So... um... what could possibly go wrong...

When I mentioned (sec. 6) that Hibbard's AI ends up tiling the galaxy with tiny molecular smiley-faces, Hibbard wrote an indignant reply saying:

'When it is feasible to build a super-intelligence, it will be feasible to build hard-wired recognition of "human facial expressions, human voices and human body language" (to use the words of mine that you quote) that exceed the recognition accuracy of current humans such as you and me, and will certainly not be fooled by "tiny molecular pictures of smiley-faces." You should not assume such a poor implementation of my idea that it cannot make discriminations that are trivial to current humans.'

As Hibbard also wrote "Such obvious contradictory assumptions show Yudkowsky's preference for drama over reason," I'll go ahead and mention that Hibbard illustrates a key point:  There is no professional certification test you have to take before you are allowed to talk about AI morality.  But that is not my primary topic today.  Though it is a crucial point about the state of the gameboard, that most AGI/FAI wannabes are so utterly unsuited to the task, that I know no one cynical enough to imagine the horror without seeing it firsthand.  Even Michael Vassar was probably surprised his first time through.

No, today I am here to dissect "You should not assume such a poor implementation of my idea that it cannot make discriminations that are trivial to current humans."

Once upon a time - I've seen this story in several versions and several places, sometimes cited as fact, but I've never tracked down an original source - once upon a time, I say, the US Army wanted to use neural networks to automatically detect camouflaged enemy tanks.

The researchers trained a neural net on 50 photos of camouflaged tanks amid trees, and 50 photos of trees without tanks. Using standard techniques for supervised learning, the researchers trained the neural network to a weighting that correctly loaded the training set - output "yes" for the 50 photos of camouflaged tanks, and output "no" for the 50 photos of forest.

Now this did not prove, or even imply, that new examples would be classified correctly.  The neural network might have "learned" 100 special cases that wouldn't generalize to new problems.  Not, "camouflaged tanks versus forest", but just, "photo-1 positive, photo-2 negative, photo-3 negative, photo-4 positive..."

But wisely, the researchers had originally taken 200 photos, 100 photos of tanks and 100 photos of trees, and had used only half in the training set.  The researchers ran the neural network on the remaining 100 photos, and without further training the neural network classified all remaining photos correctly.   Success confirmed!

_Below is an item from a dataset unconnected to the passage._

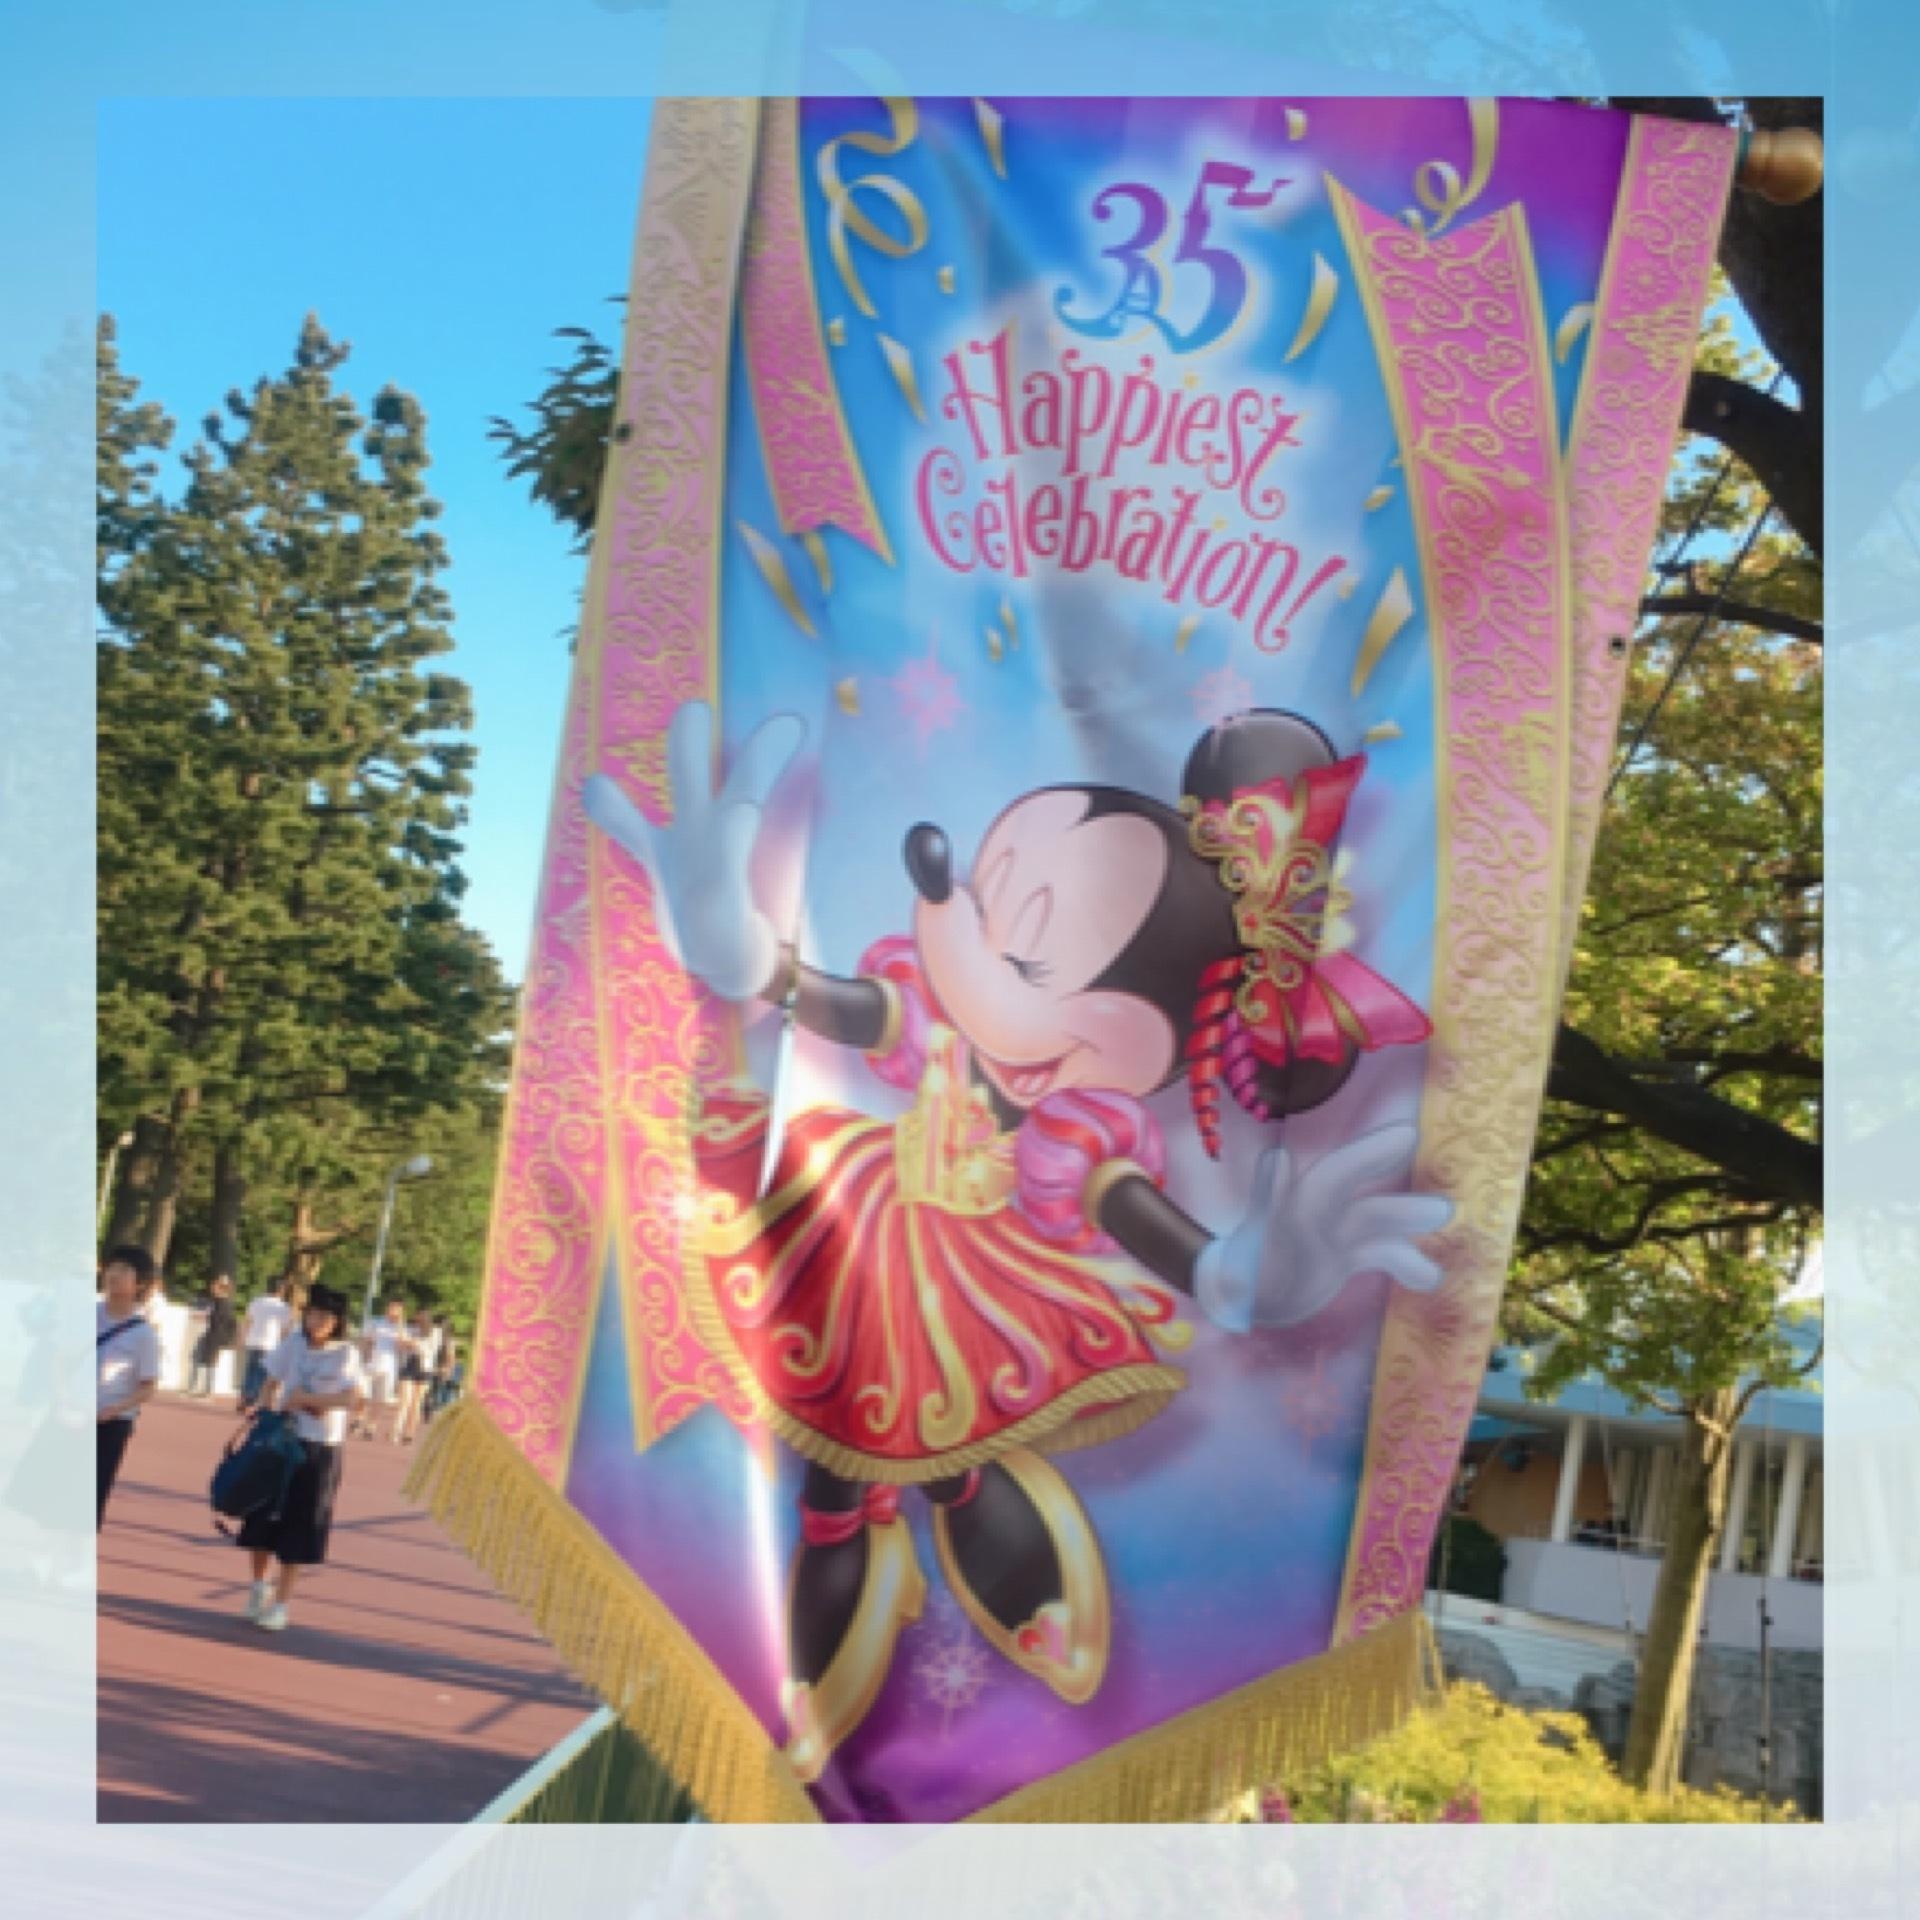 Tokyo Disneyland《 35 Happiest Gelebration! 》に行ってきました♫_1_5-3

The researchers handed the finished work to the Pentagon, which soon handed it back, complaining that in their own tests the neural network did no better than chance at discriminating photos.

It turned out that in the researchers' data set, photos of camouflaged tanks had been taken on cloudy days, while photos of plain forest had been taken on sunny days. The neural network had learned to distinguish cloudy days from sunny days, instead of distinguishing camouflaged tanks from empty forest.

This parable - which might or might not be fact - illustrates one of the most fundamental problems in the field of supervised learning and in fact the whole field of Artificial Intelligence:  If the training problems and the real problems have the slightest difference in context - if they are not drawn from the same independently identically distributed process - there is no statistical guarantee from past success to future success.  It doesn't matter if the AI seems to be working great under the training conditions.  (This is not an unsolvable problem but it is an unpatchable problem.  There are deep ways to address it - a topic beyond the scope of this post - but no bandaids.)

As described in Superexponential Conceptspace, there are exponentially more possible concepts than possible objects, just as the number of possible objects is exponential in the number of attributes.  If a black-and-white image is 256 pixels on a side, then the total image is 65536 pixels.  The number of possible images is 265536.  And the number of possible concepts that classify images into positive and negative instances - the number of possible boundaries you could draw in the space of images - is 2^(265536).  From this, we see that even supervised learning is almost entirely a matter of inductive bias, without which it would take a minimum of 265536 classified examples to discriminate among 2^(265536) possible concepts - even if classifications are constant over time.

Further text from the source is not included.